#### Provided data:
◇ ◇ ◇ ◇
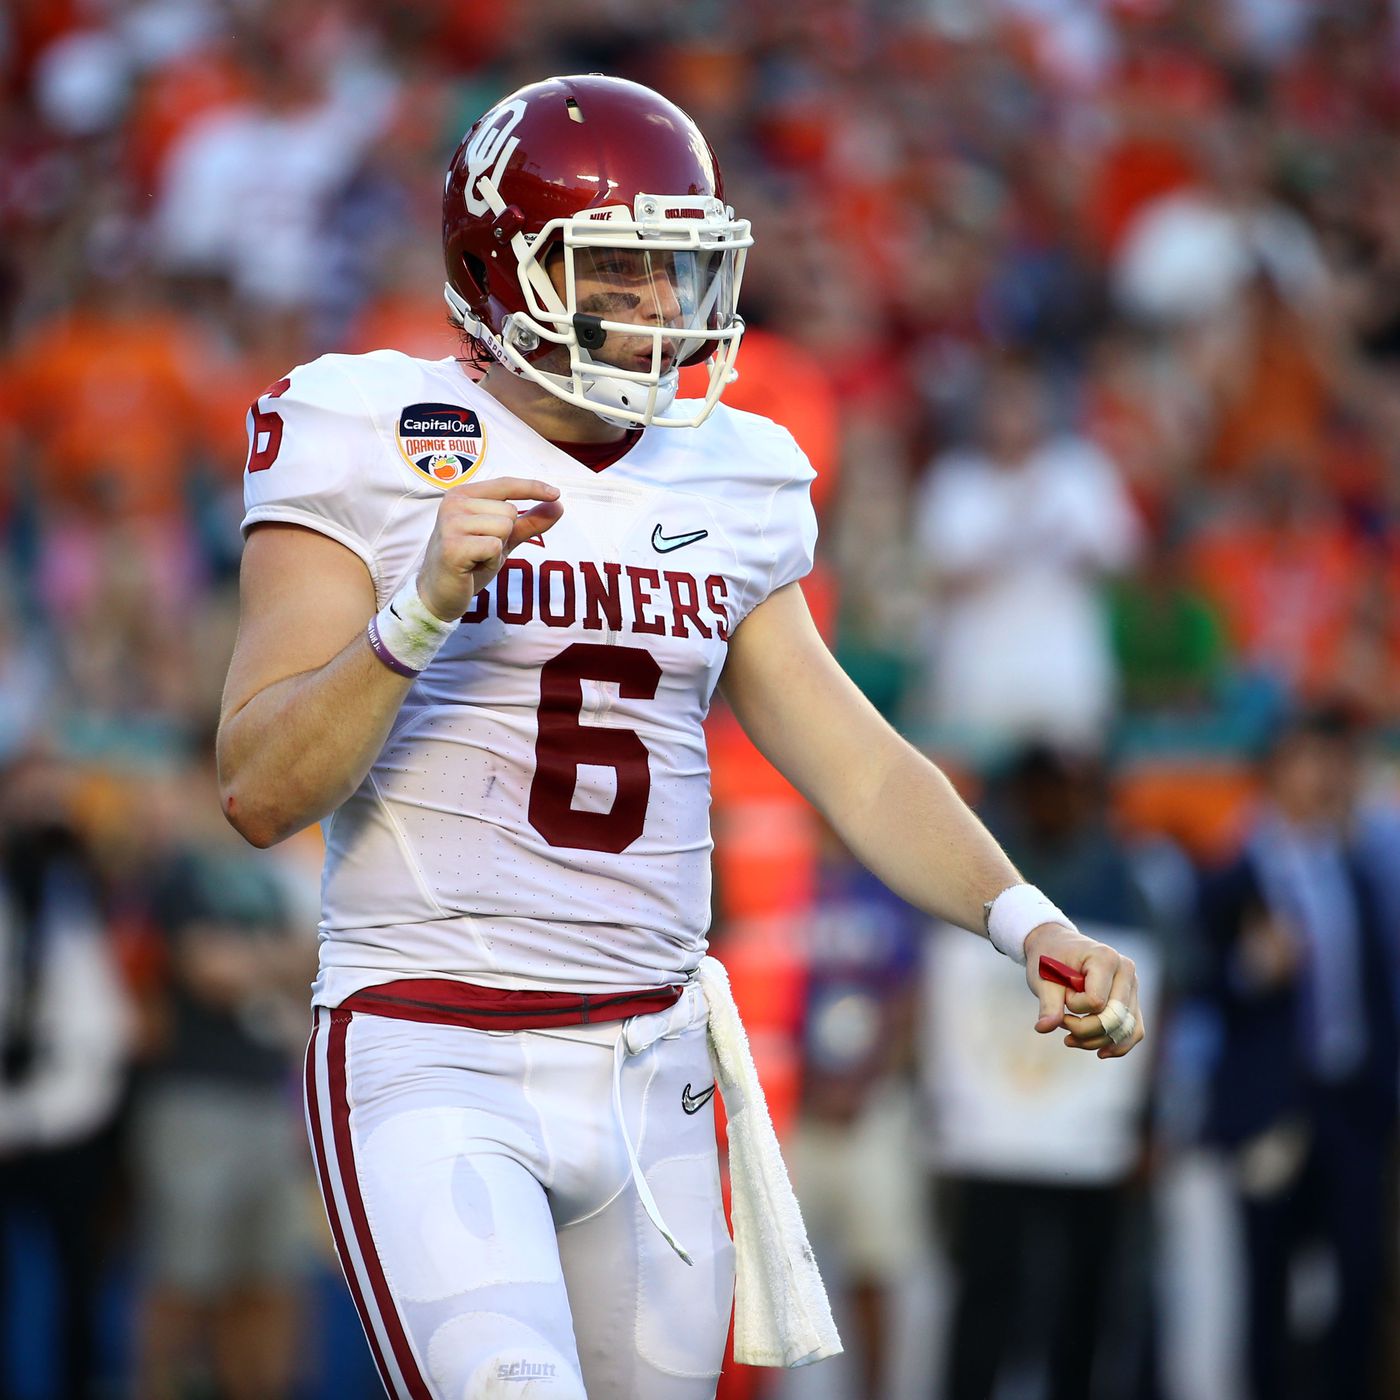 No Redshirt For 2014: A Baker Mayfield Situation - Crimson And Cream Machine
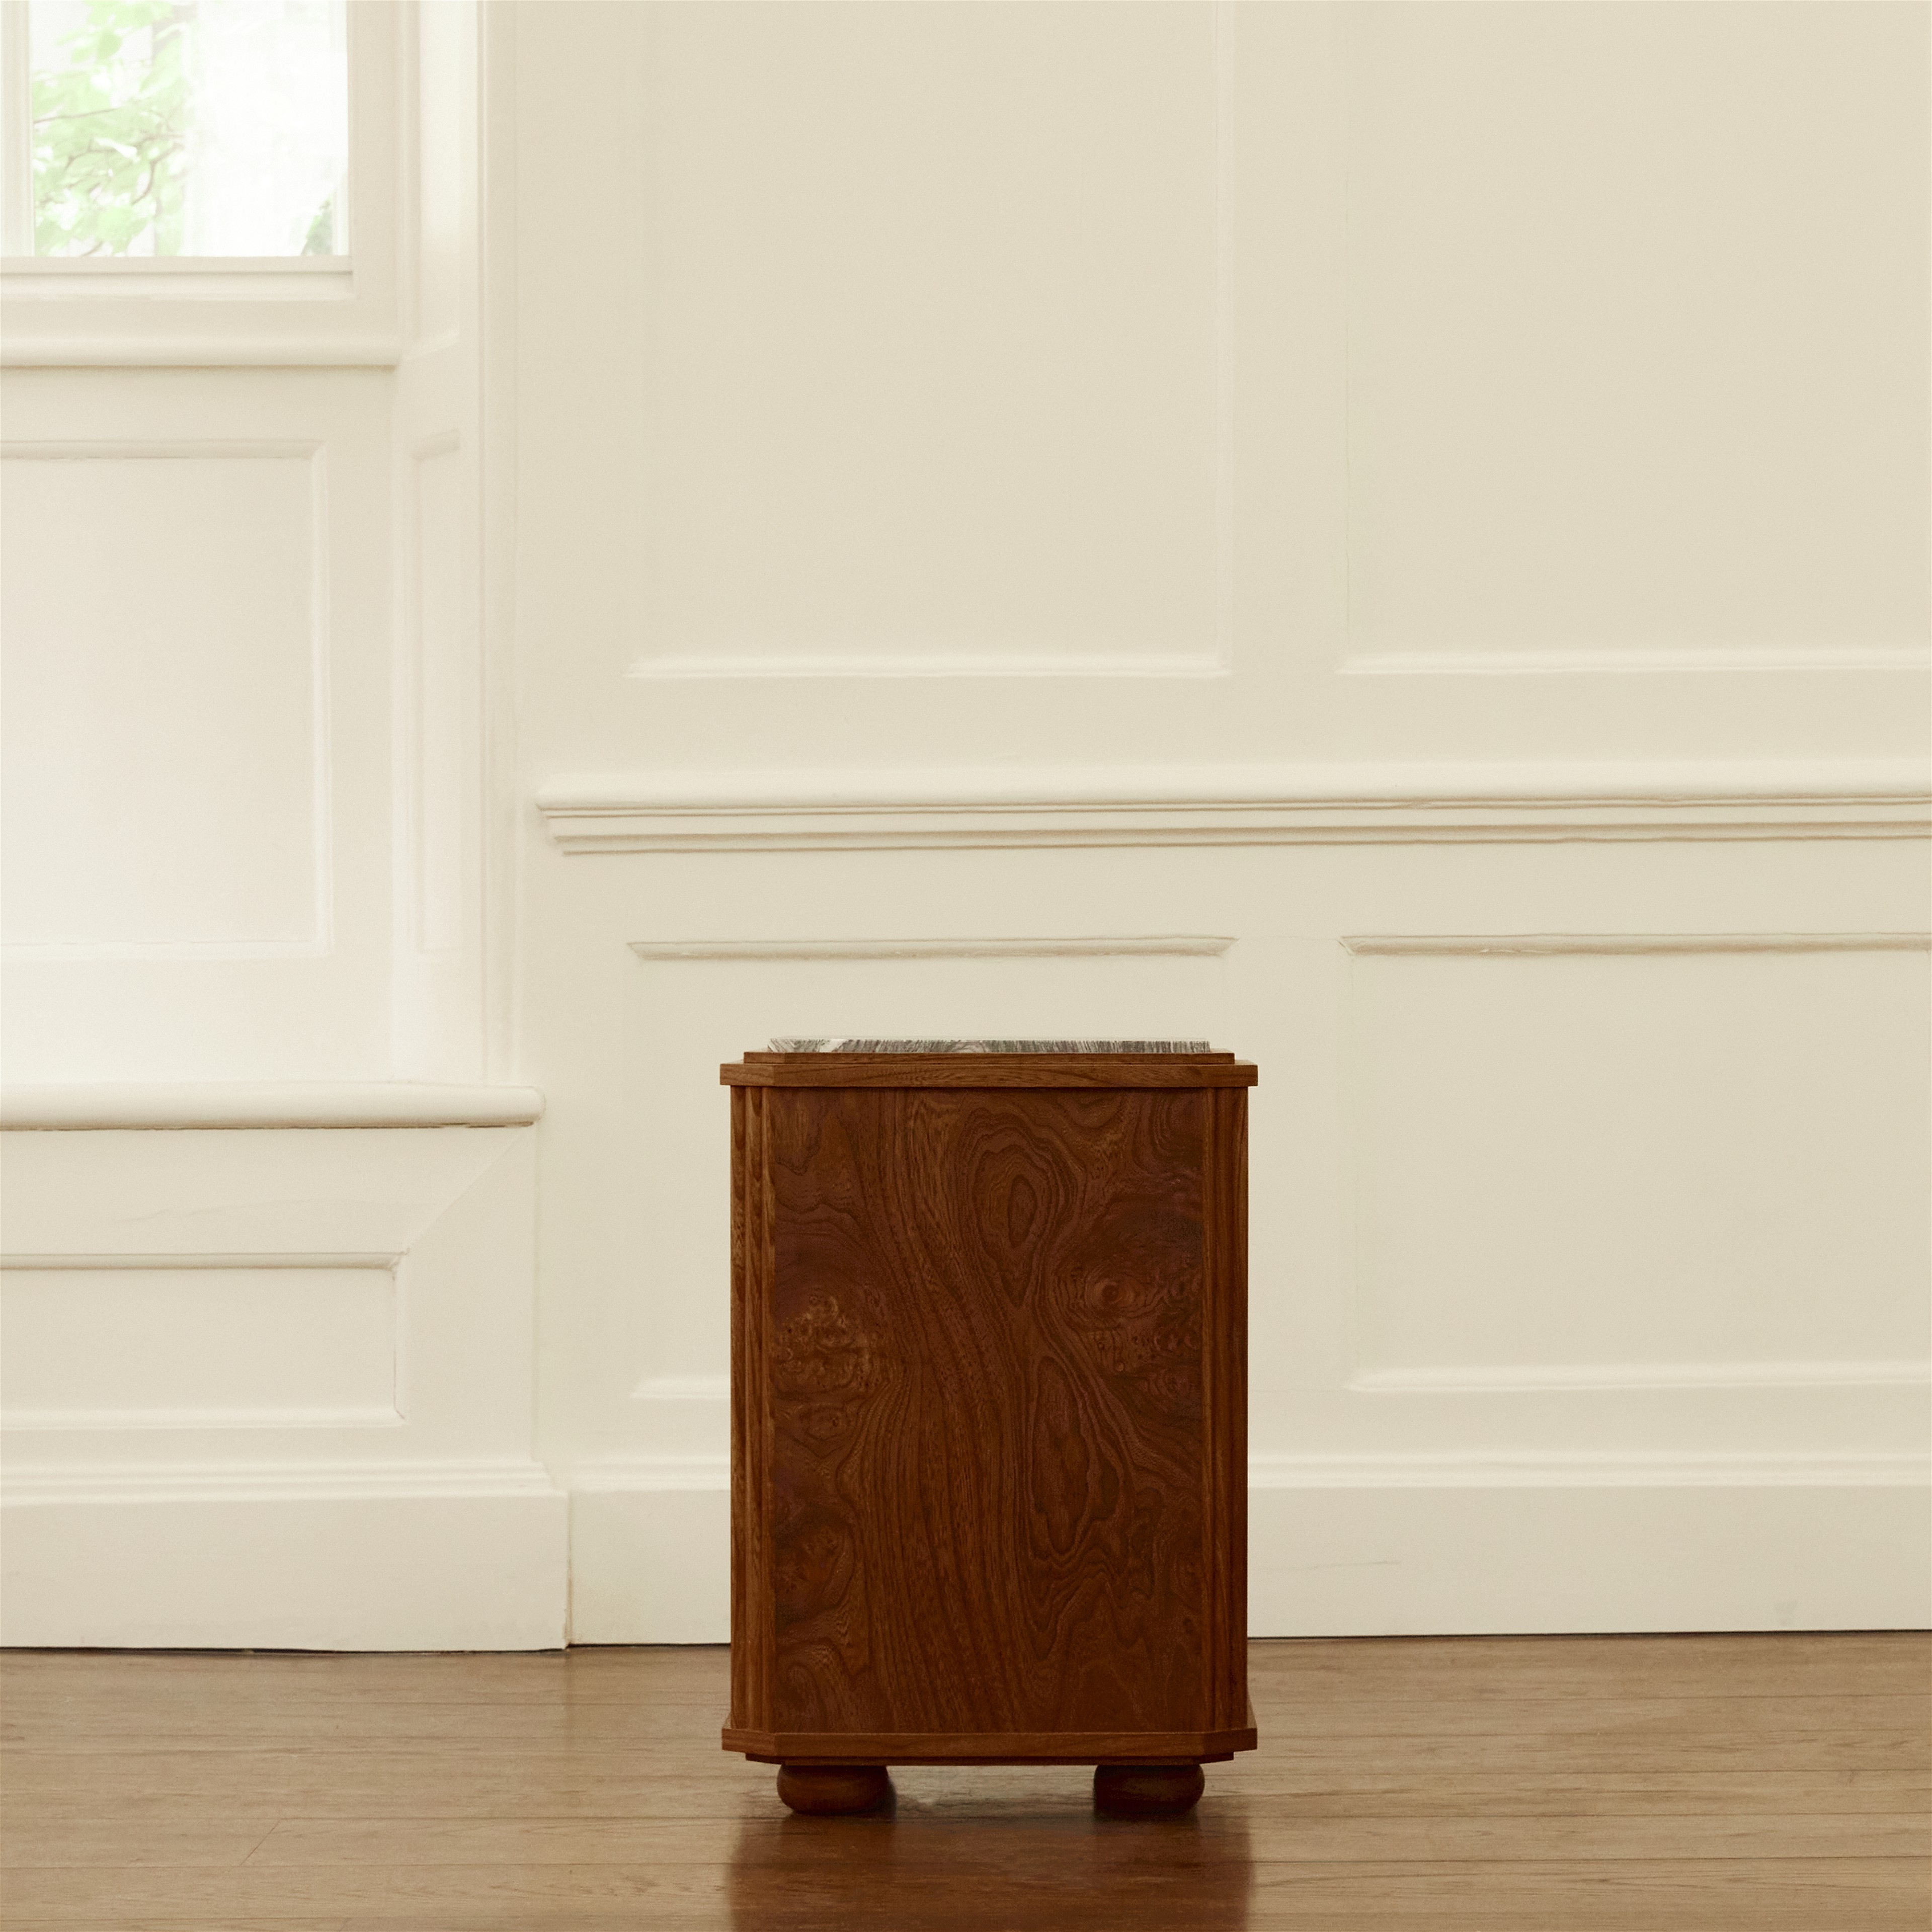 a wooden trash can sitting on top of a hard wood floor
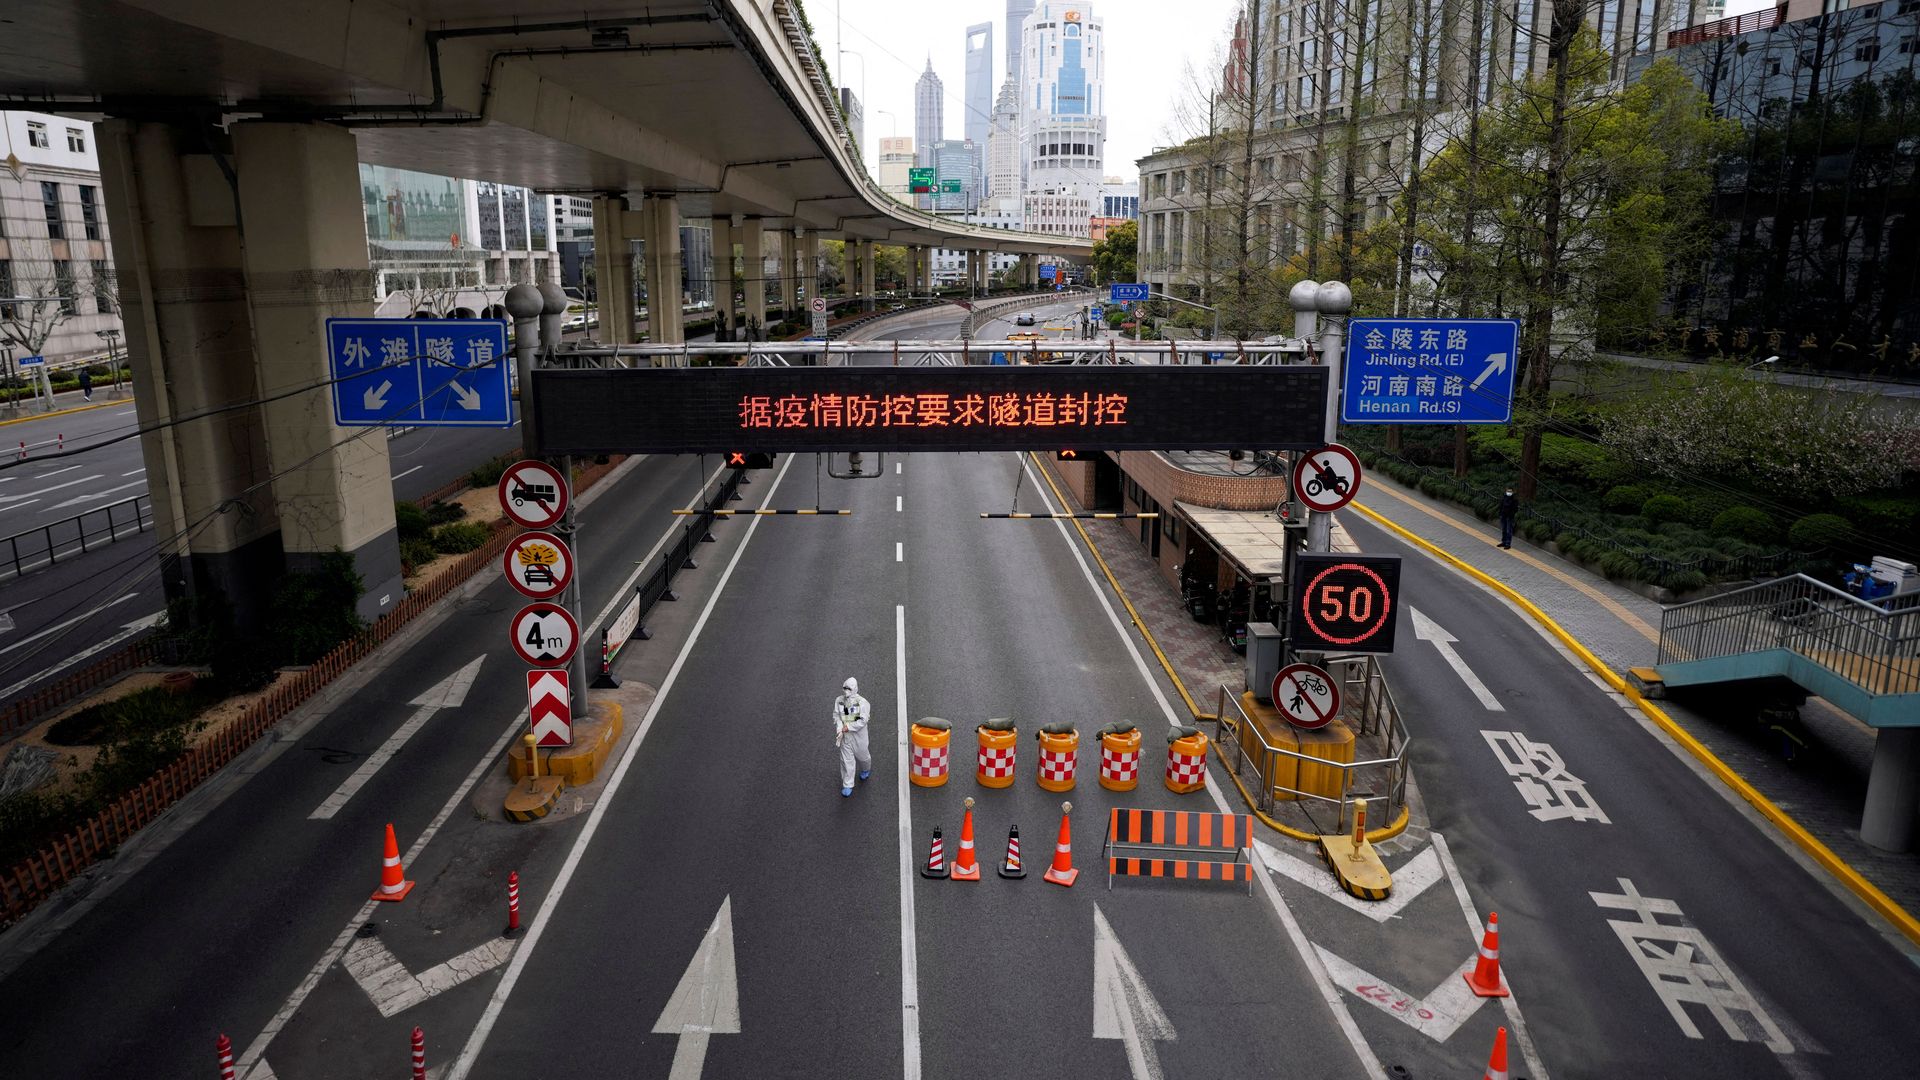 A worker in a protective suit walks today at the entrance to a tunnel leading to Shanghai's Pudong area.
◇ ◇ ◇ ◇
#### Exercise:
When you copy the listing above, reproduce every line exactly and skip the images.

#### Worked solution:
 No Redshirt For 2014: A Baker Mayfield Situation - Crimson And Cream Machine
 a wooden trash can sitting on top of a hard wood floor
 A worker in a protective suit walks today at the entrance to a tunnel leading to Shanghai's Pudong area.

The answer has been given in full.